_BRIEF_: From top to bottom, retype the data exactly, passing over any picture.

_DATA BLOCK_:
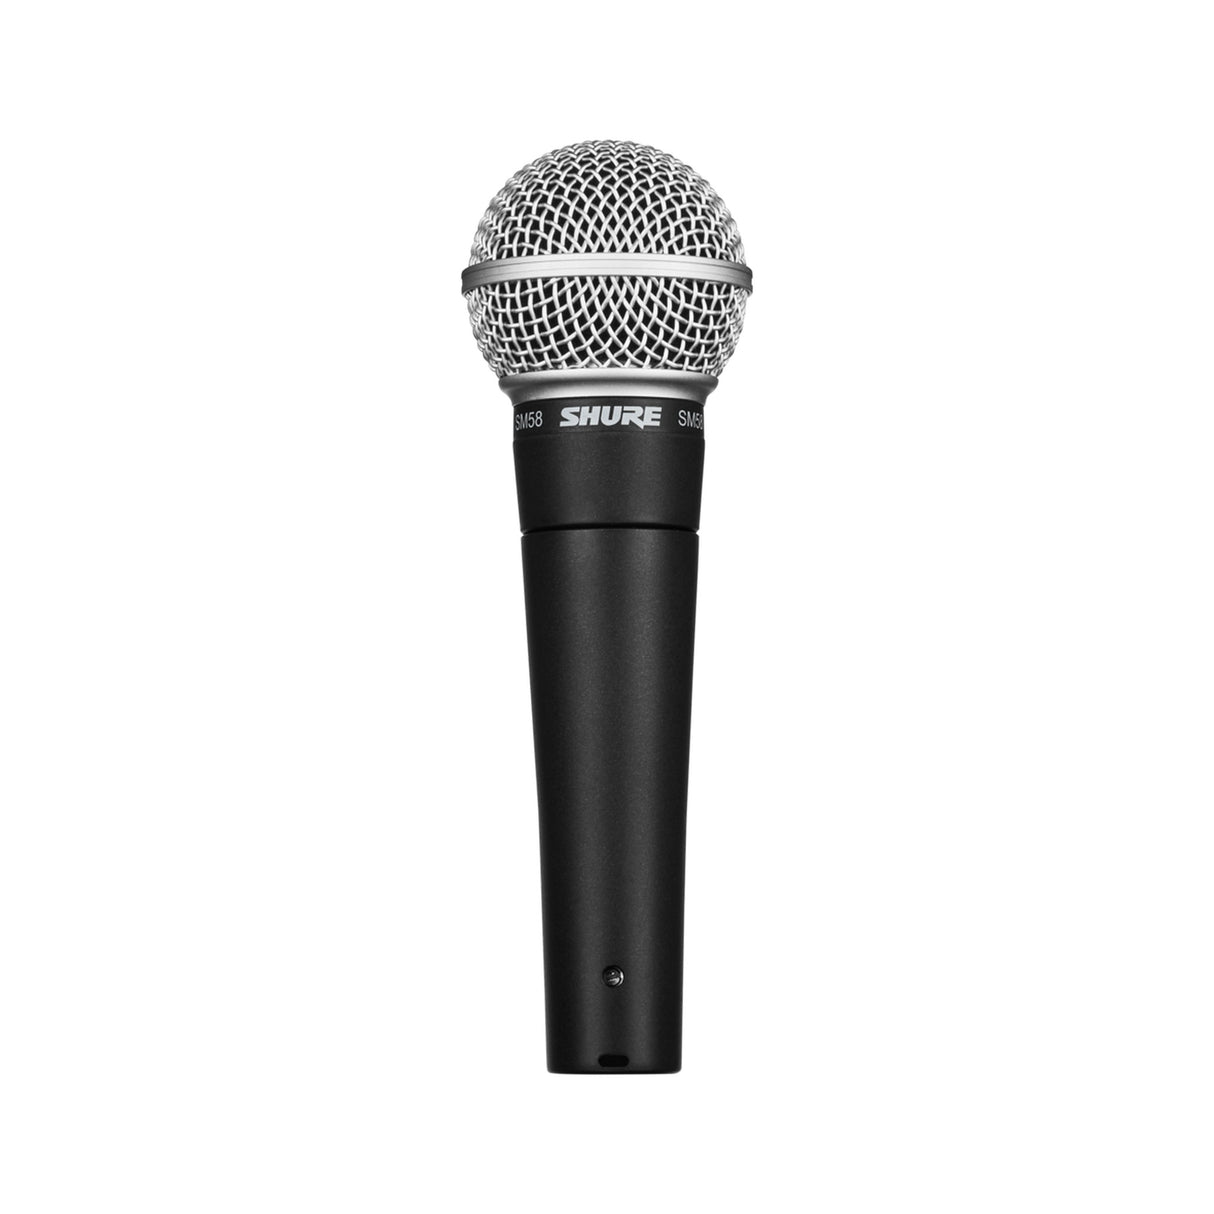 Shure SM58 Cardioid Dynamic Live Microphone without Cable
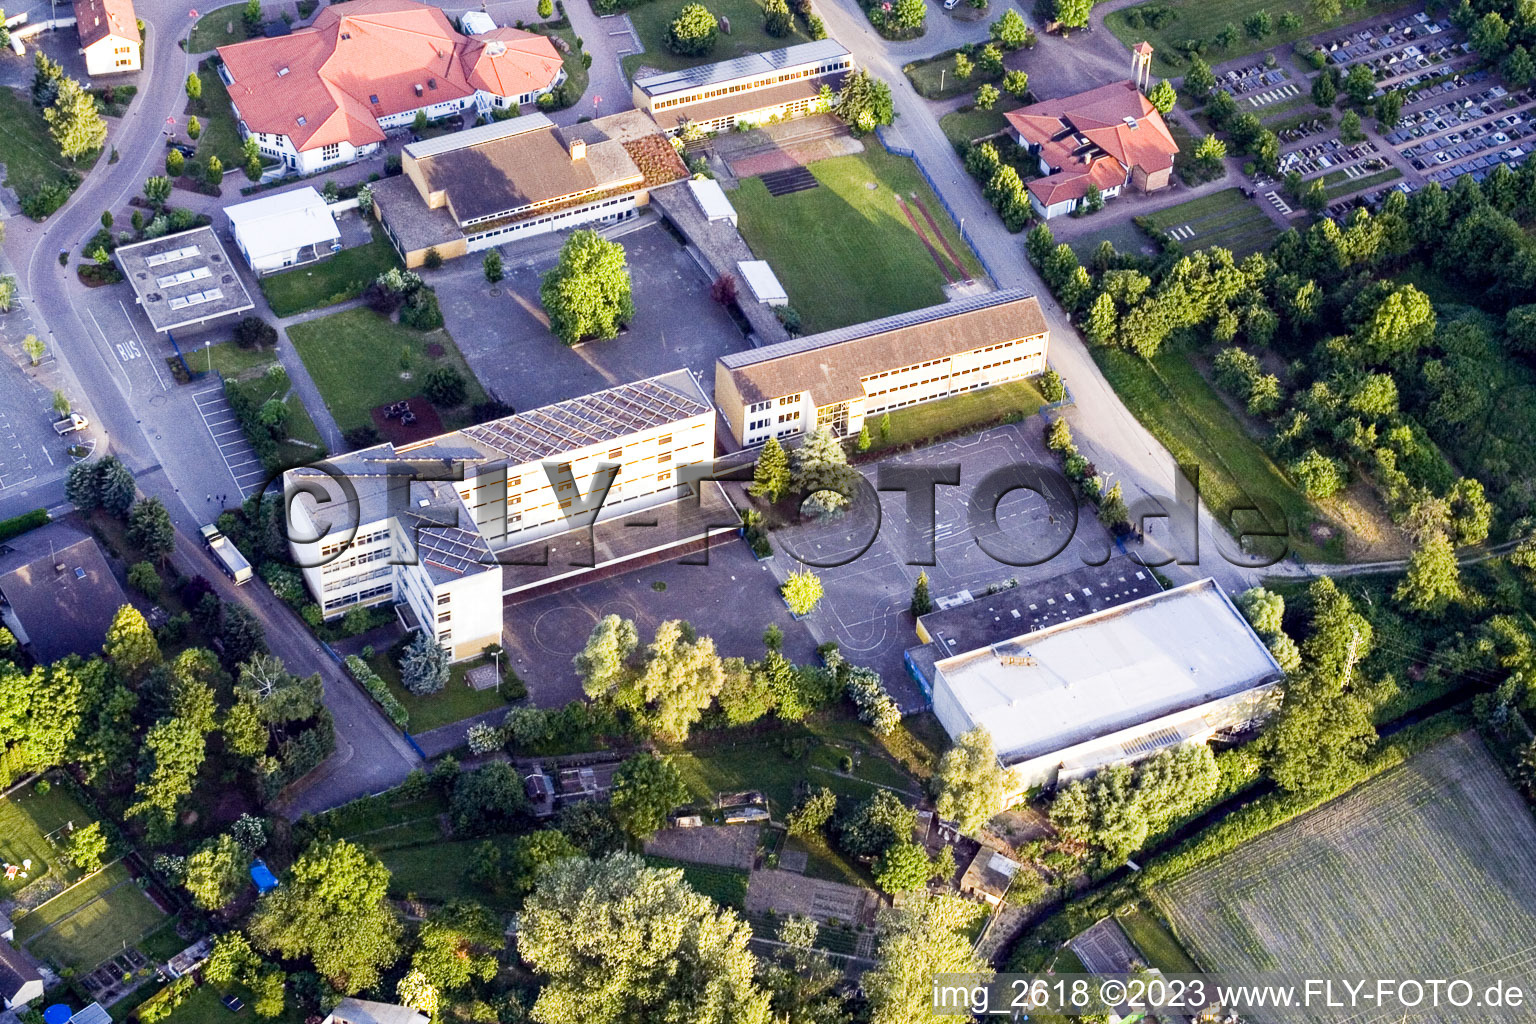 Aerial photograpy of School center in Hagenbach in the state Rhineland-Palatinate, Germany
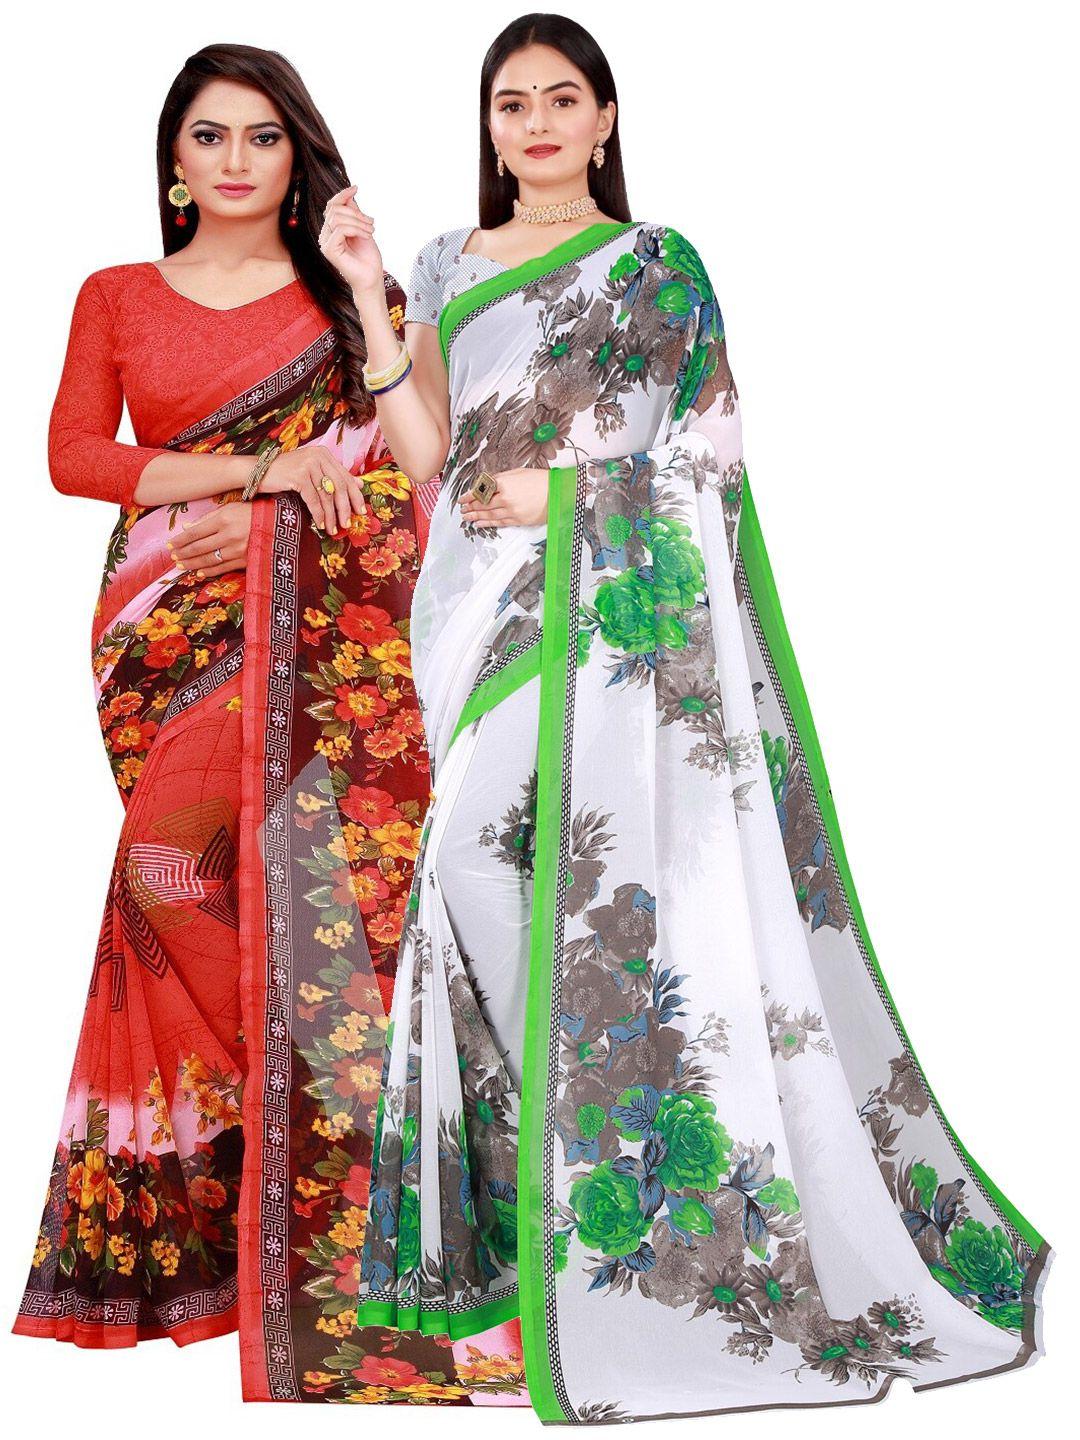 florence-2-white-&-red-pure-georgette-saree

_FINISHED EXERCISE_:
 Shure SM58 Cardioid Dynamic Live Microphone without Cable
 Aerial photograpy of School center in Hagenbach in the state Rhineland-Palatinate, Germany
 florence-2-white-&-red-pure-georgette-saree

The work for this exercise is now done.